#### [ASSIGNMENT]
Below are records; the lines starting at the one with "David Thomas, Starburst, hanger/broche, 1967." and ending at the one with "Harmony BEF Series" must be reproduced exactly, both included. Pictures must not appear.

#### [PROVIDED DATA]
————

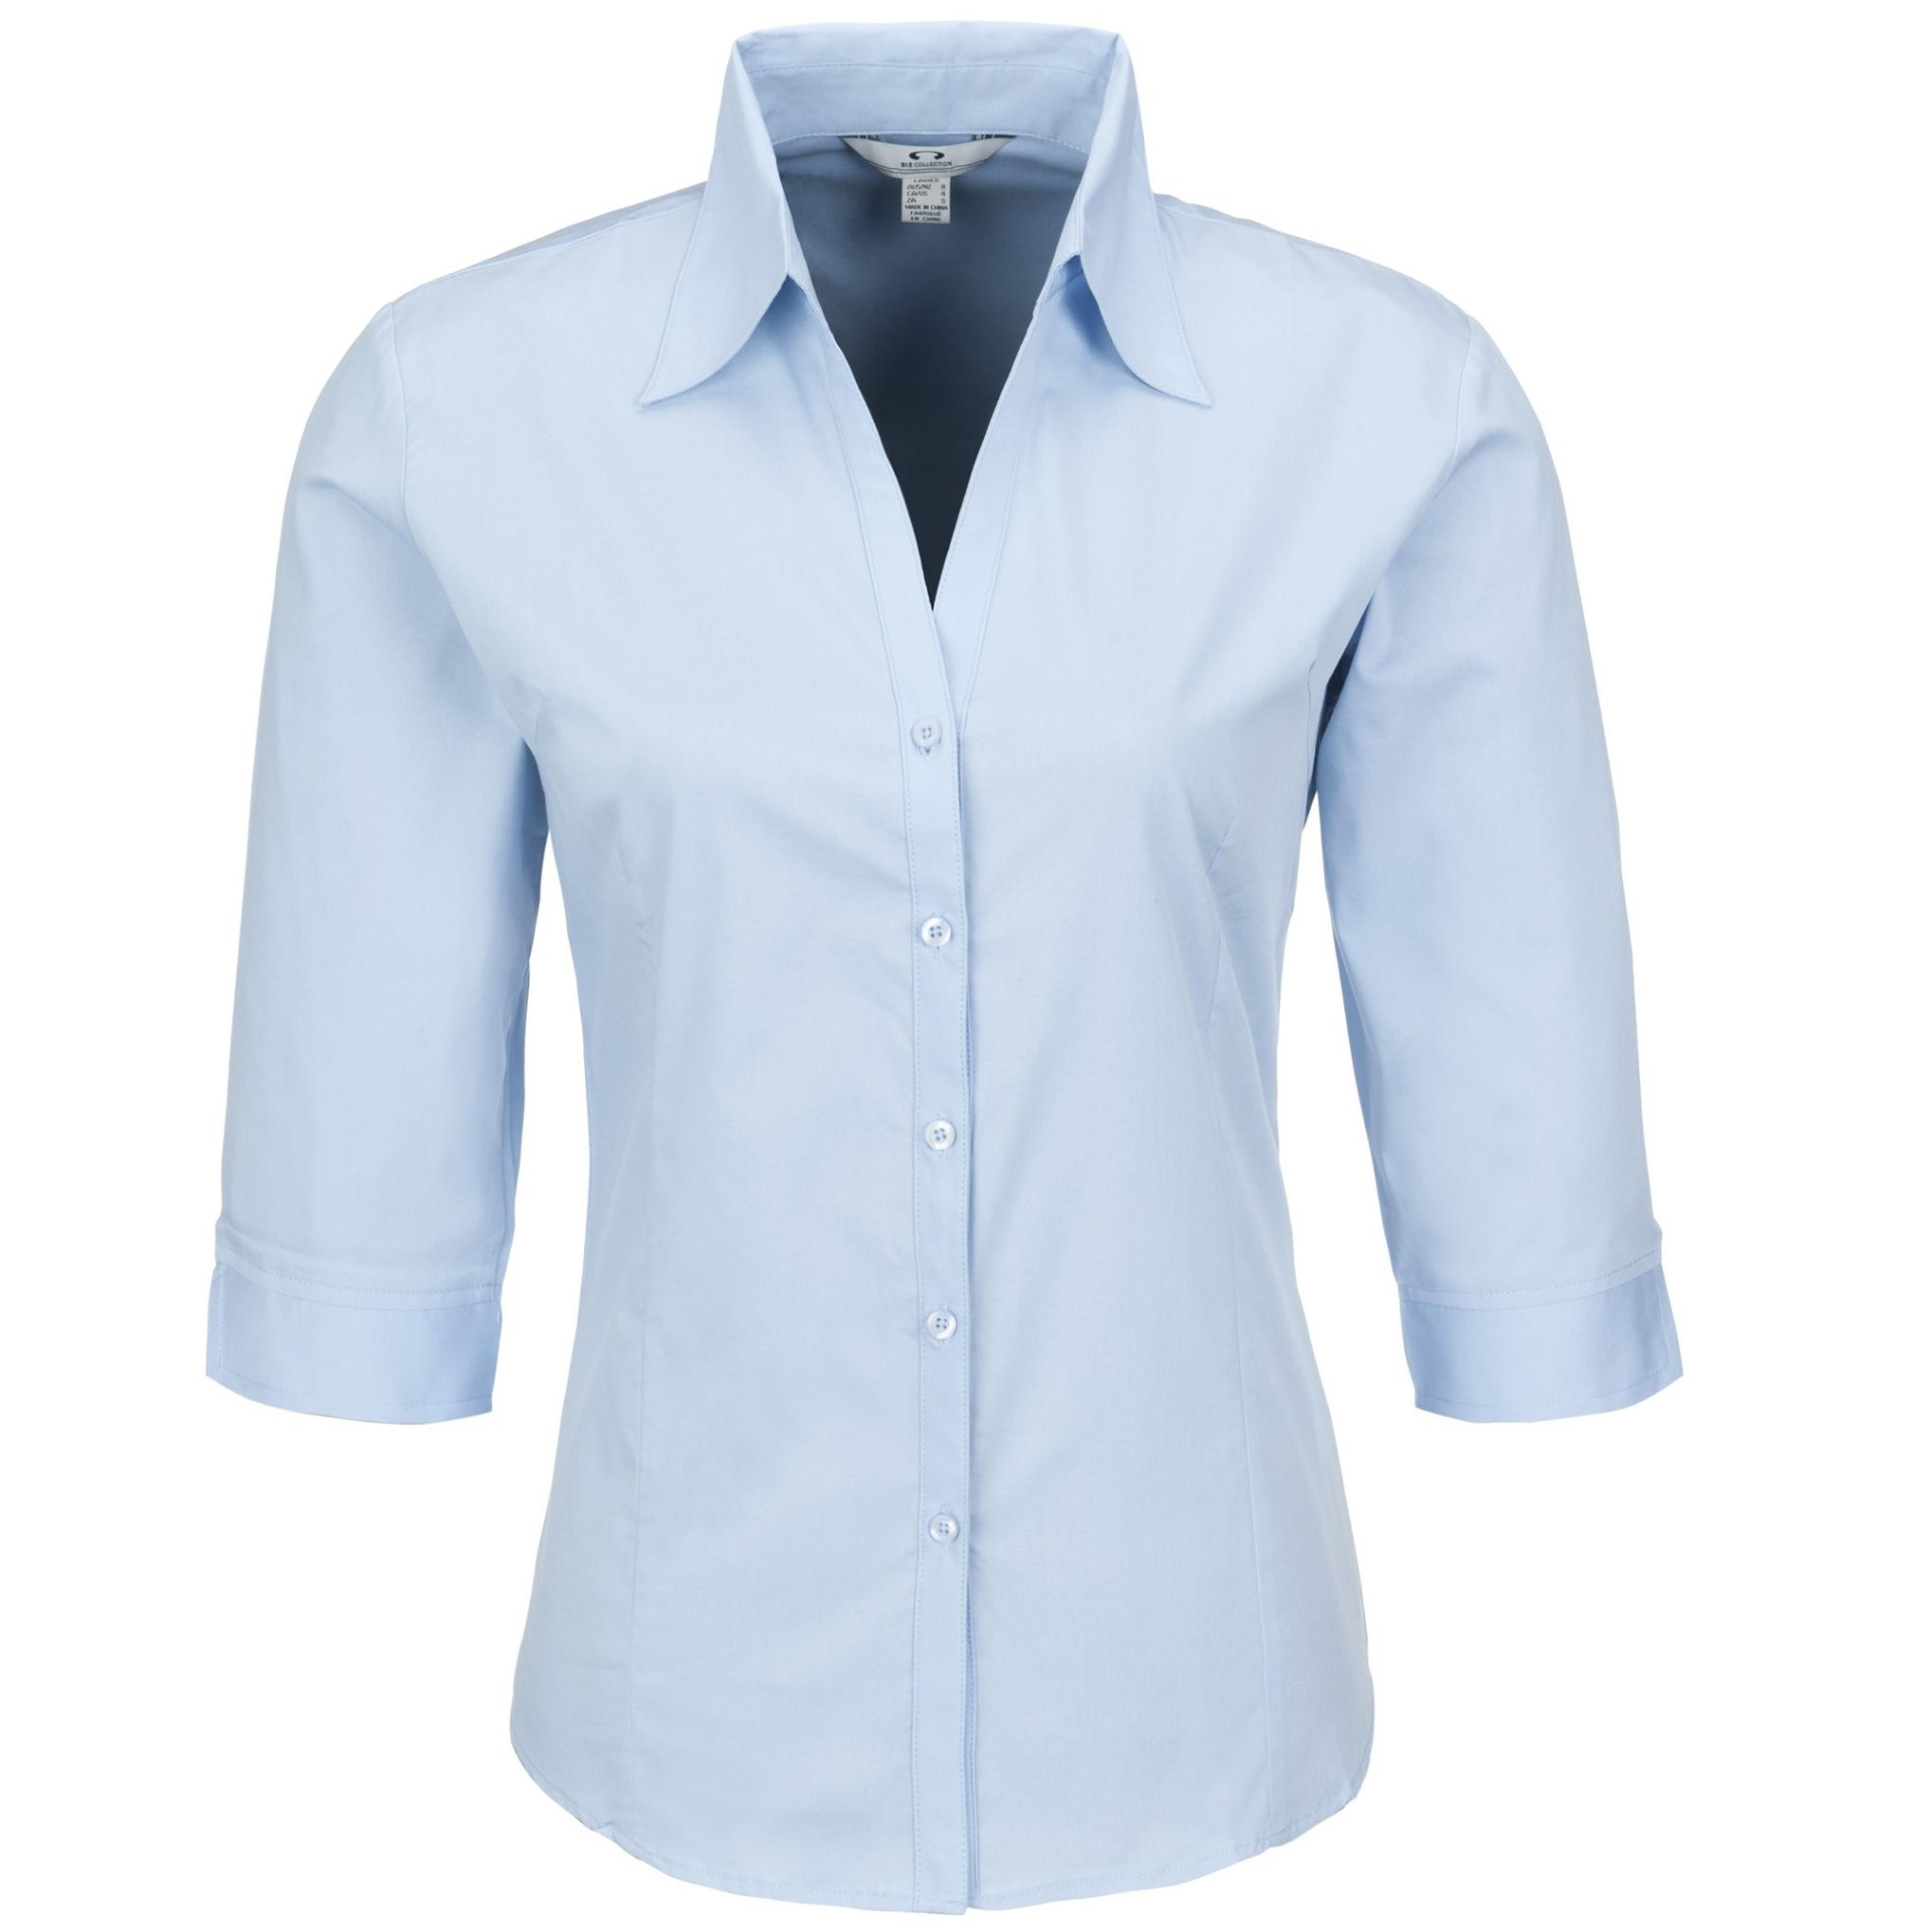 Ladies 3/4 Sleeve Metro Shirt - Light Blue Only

————

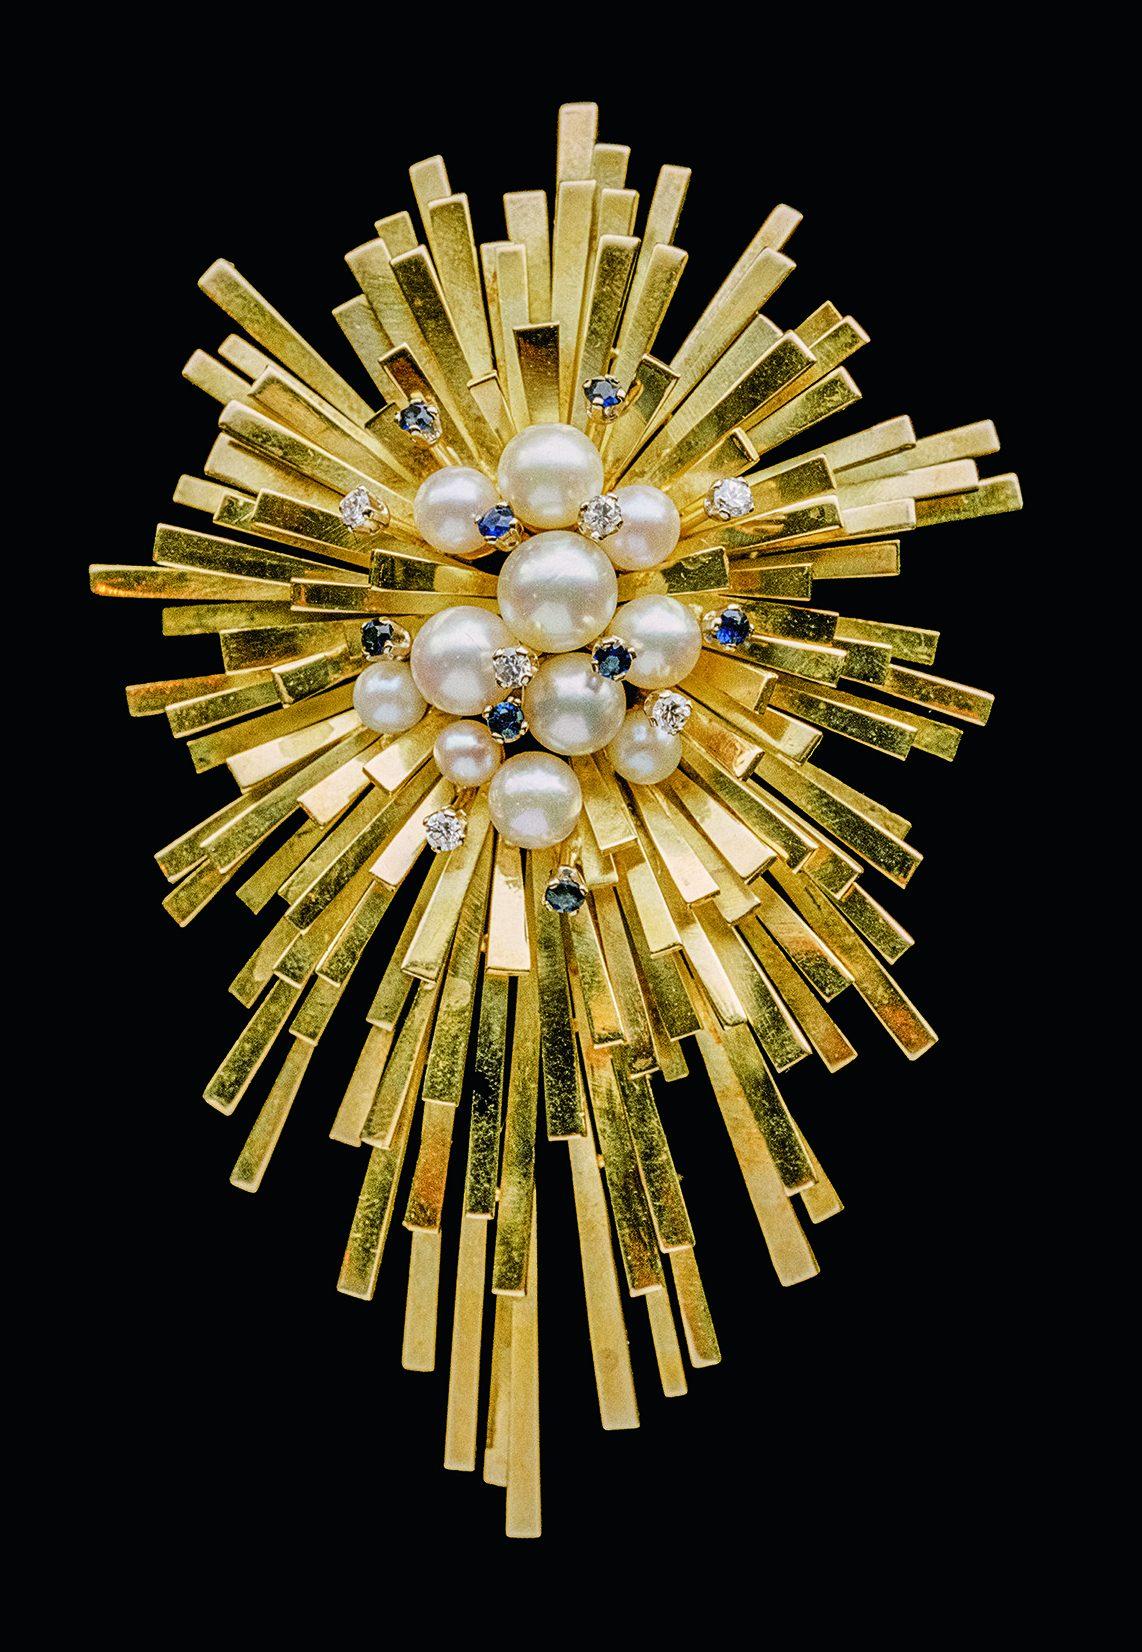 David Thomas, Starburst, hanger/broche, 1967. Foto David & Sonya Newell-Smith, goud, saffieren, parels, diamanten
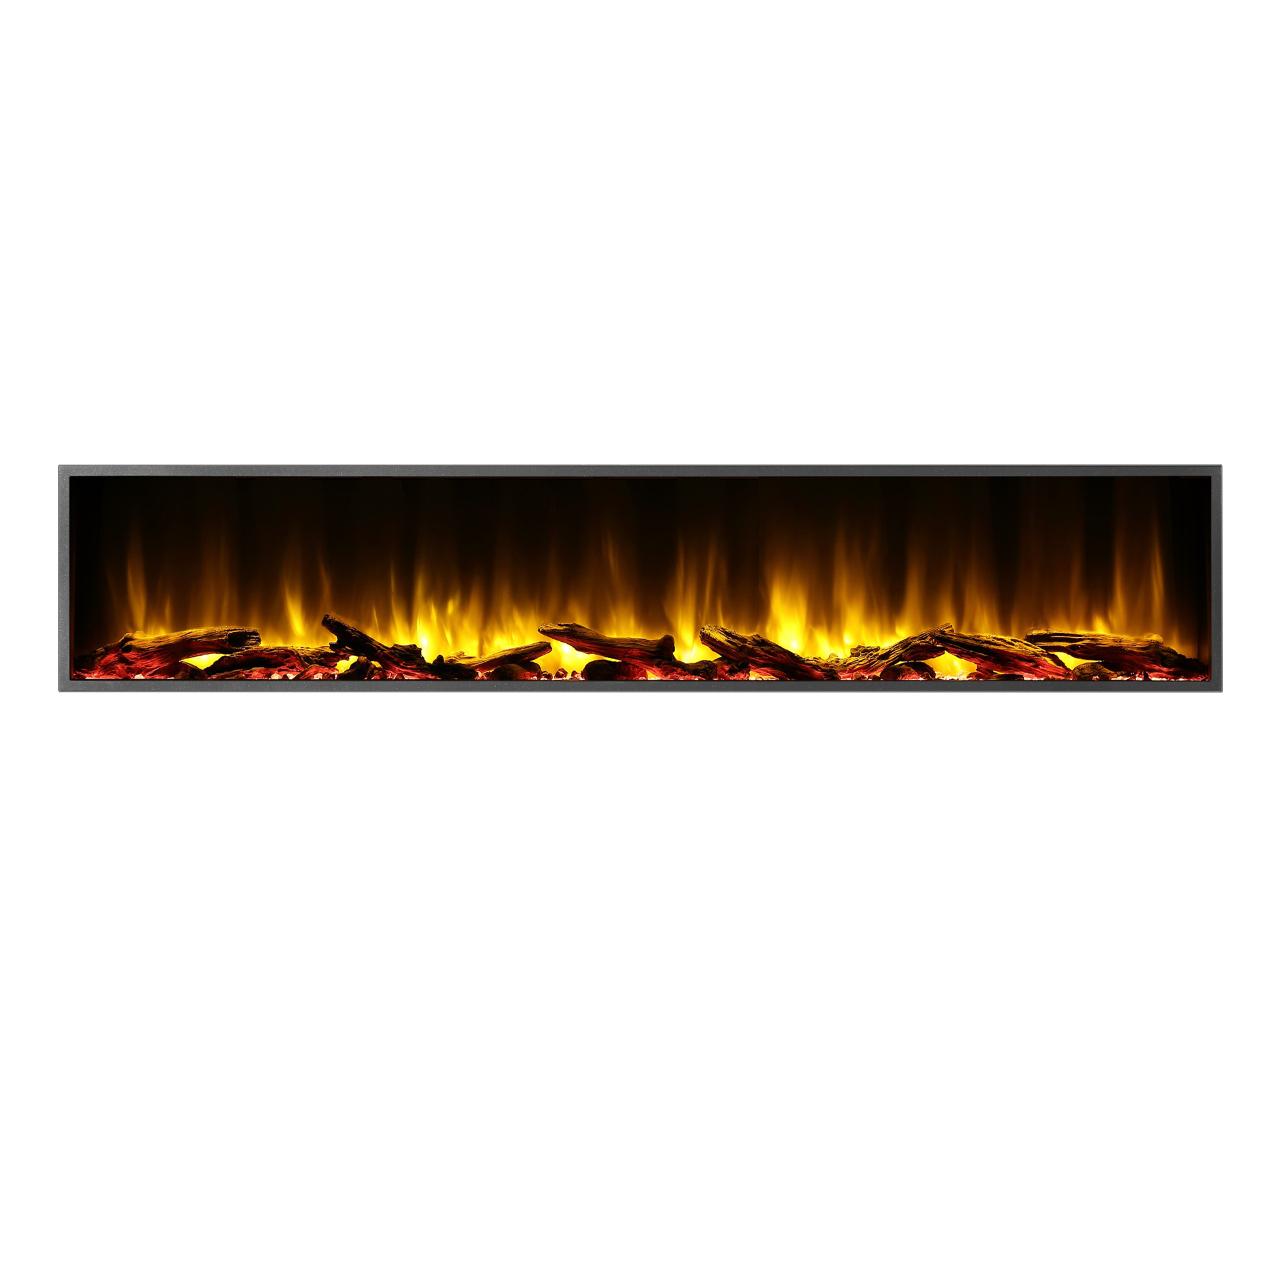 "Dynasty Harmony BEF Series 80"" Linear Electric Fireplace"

————

#### [TASK OUTPUT]
 David Thomas, Starburst, hanger/broche, 1967. Foto David & Sonya Newell-Smith, goud, saffieren, parels, diamanten
 "Dynasty Harmony BEF Series 80"" Linear Electric Fireplace"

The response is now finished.